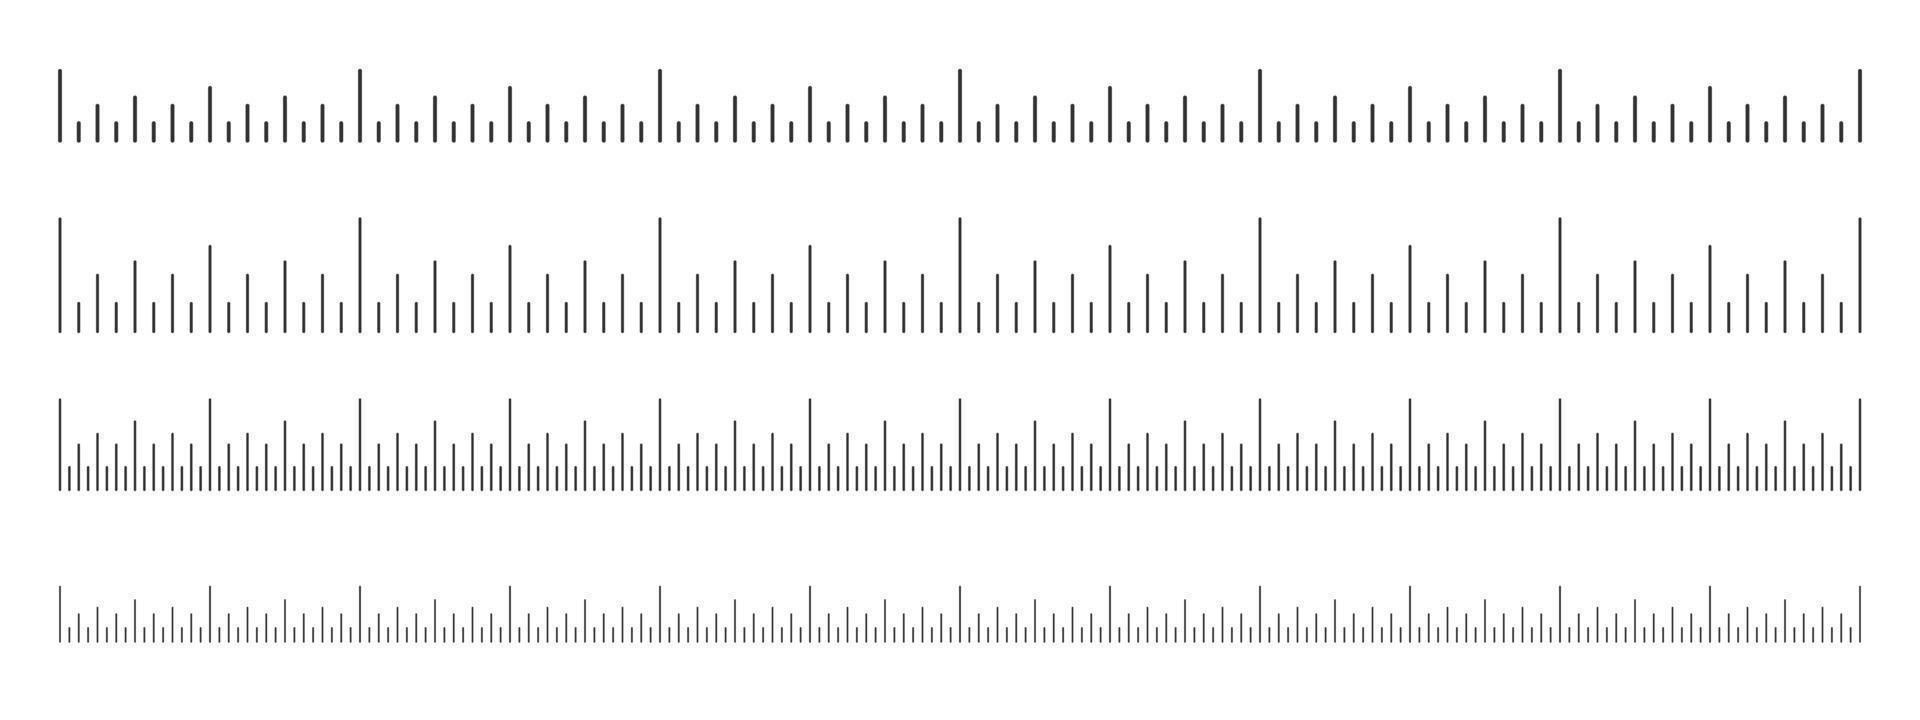 skala av linjal uppsättning. horisontell mätning Diagram med inches pålägg. distans, höjd eller längd mått matematik eller sömnad verktyg vektor
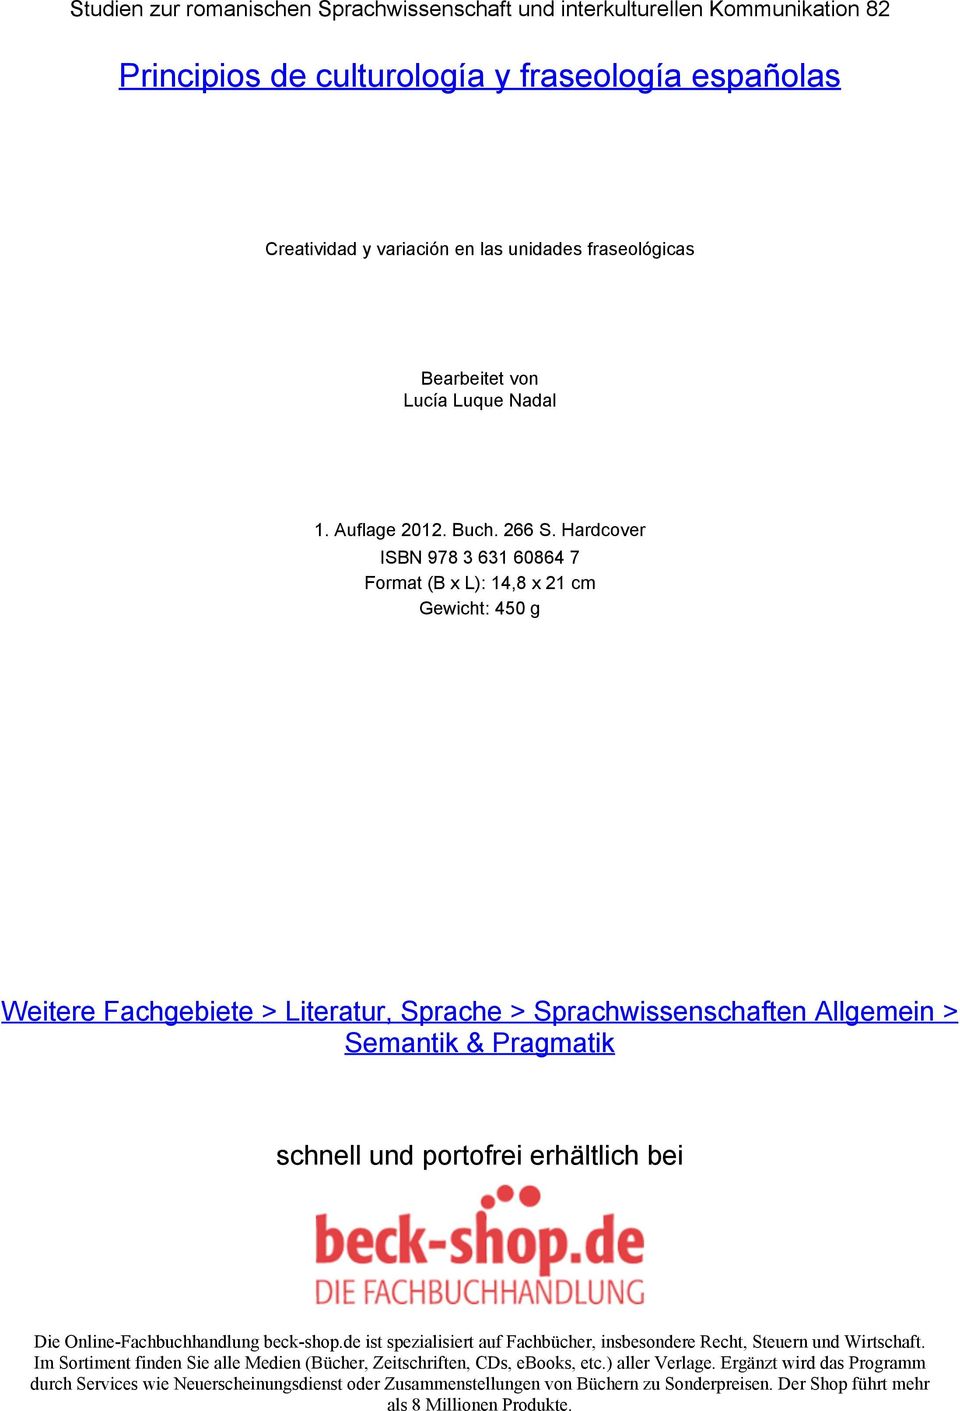 Hardcover ISBN 978 3 631 60864 7 Format (B x L): 14,8 x 21 cm Gewicht: 450 g Weitere Fachgebiete > Literatur, Sprache > Sprachwissenschaften Allgemein > Semantik & Pragmatik schnell und portofrei
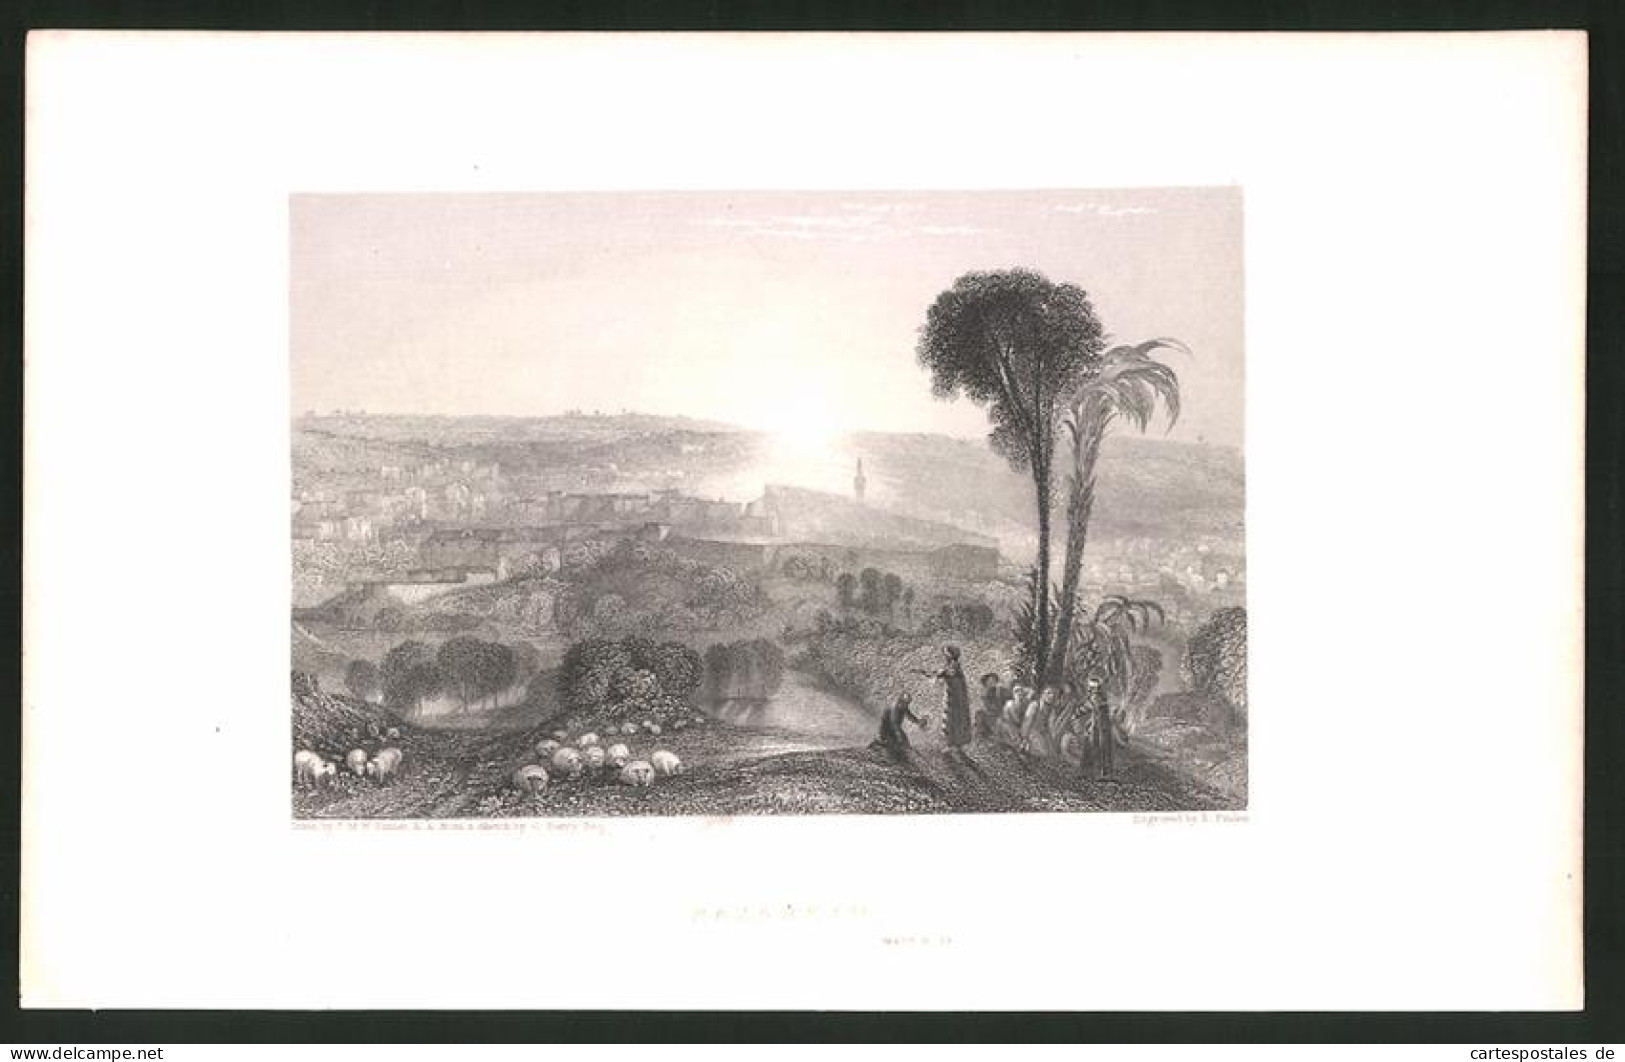 Stahlstich Nazareth, Stadt Im Sonnenuntergang, Stahlstich Von E. Finden Um 1835  - Prints & Engravings

====================

Copy exactly the lines from the line holding "Hardcover ISBN 978" to the final line of the listing, and leave the pictures out.

 Hardcover ISBN 978 3 631 60864 7 Format (B x L): 14,8 x 21 cm Gewicht: 450 g Weitere Fachgebiete > Literatur, Sprache > Sprachwissenschaften Allgemein > Semantik & Pragmatik schnell und portofrei
 Stahlstich Nazareth, Stadt Im Sonnenuntergang, Stahlstich Von E. Finden Um 1835  - Prints & Engravings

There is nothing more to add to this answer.